За разговором Ортанс убирала остатки еды в корзину. Грубые красные руки двигались с неправдоподобным проворством и быстротой. Затем она взяла у невестки младенца и перепеленала его.

– Бедный птенчик, несладко ему в пути! Да. Вот он сразу узнает, что за штука жизнь. А может, оно и к лучшему. Мне сызмала круто пришлось, но я о том никогда не жалела. Зато теперь с чем угодно справлюсь, а это не всякий может. Помнишь, Жюль, как мать померла, мне и тринадцати не было, а я круглый год ходила на реку белье полоскала, зимой лед колола, сколько тюков на себе перетаскала… Руки в трещинах, тюк неподъемный, аж слезы текут. Зато всему научилась и теперь ничего не боюсь.

– Ты и впрямь ловкая, – сказала с восхищением Алин.

Взяла от золовки чистого сухого младенца, расстегнула корсаж и дала ему грудь; Жюль и Ортанс глядели на них с умилением.

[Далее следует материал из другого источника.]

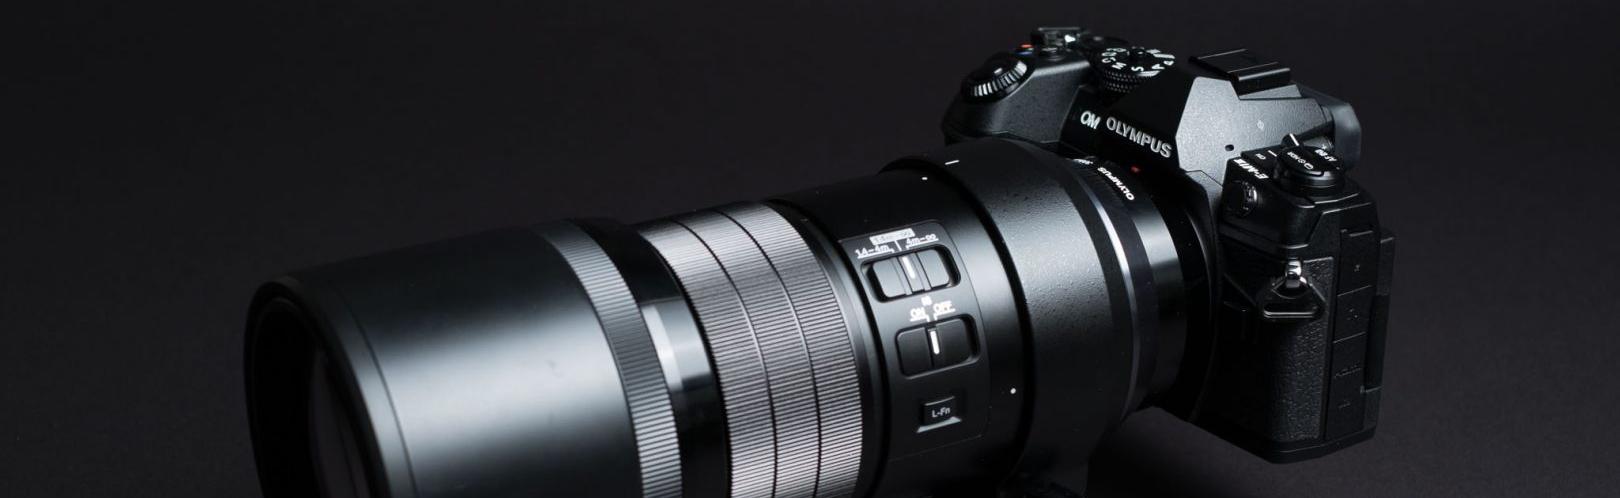 Olympus-OM-D-E-M1-Mark-II-Product-7-e1547072471203.jpg

– Вот и мальцу есть молоко, бедняге!

Шампанское ударило им в голову; все трое слегка захмелели. И в оцепенении глядели на пожар вдали. На время они забыли, почему оказались здесь, в лесу около Фонтенбло, зачем уехали из тесной квартирки рядом с Лионским вокзалом, зачем так долго скитались, для чего ограбили Корта. Все вокруг показалось им расплывчатым, непонятным, как во сне. На нижней ветке дерева висела клетка; Ортанс решила покормить птичек. При отъезде она предусмотрительно положила в сумку пакет с зерном. Потом достала из кармана пару кусков сахару и налила себе горячего кофе, – термос, по счастью, не разбился при аварии. Ортанс шумно отхлебнула из чашки, выпятив крупные губы, снизу она подставила ладонь, прикрывая обширную грудь от пятен. Внезапно среди беженцев разнеслась страшная весть: «Немцы вошли в Париж».

Ортанс опрокинула недопитую чашку, ее красное лицо побагровело еще сильней. Она опустила голову и заплакала.

– Больно как… Больно… Здесь больно, – повторяла она, прижав руку к сердцу.

Черствая, жестокосердая, Ортанс редко плакала, редко жалела себя и других, но теперь плакала и она, скупыми едкими слезами, – с такой силой нахлынули на нее гнев, горечь, стыд, она ощущала физическую боль, у нее явственно и неотвязно ныло сердце.

– Уж на что я мужа люблю, – наконец выговорила она. – Мы с Луи, голубчиком, всегда заодно, кроме него, у меня никого нет, он и работник, и не пьет, и за бабами не бегает, в общем, живем душа в душу, но скажи мне сейчас: ты его больше не увидишь, он убит, но мы победили… Так я бы рада была! Ей‑богу, не вру, верь, я бы рада была!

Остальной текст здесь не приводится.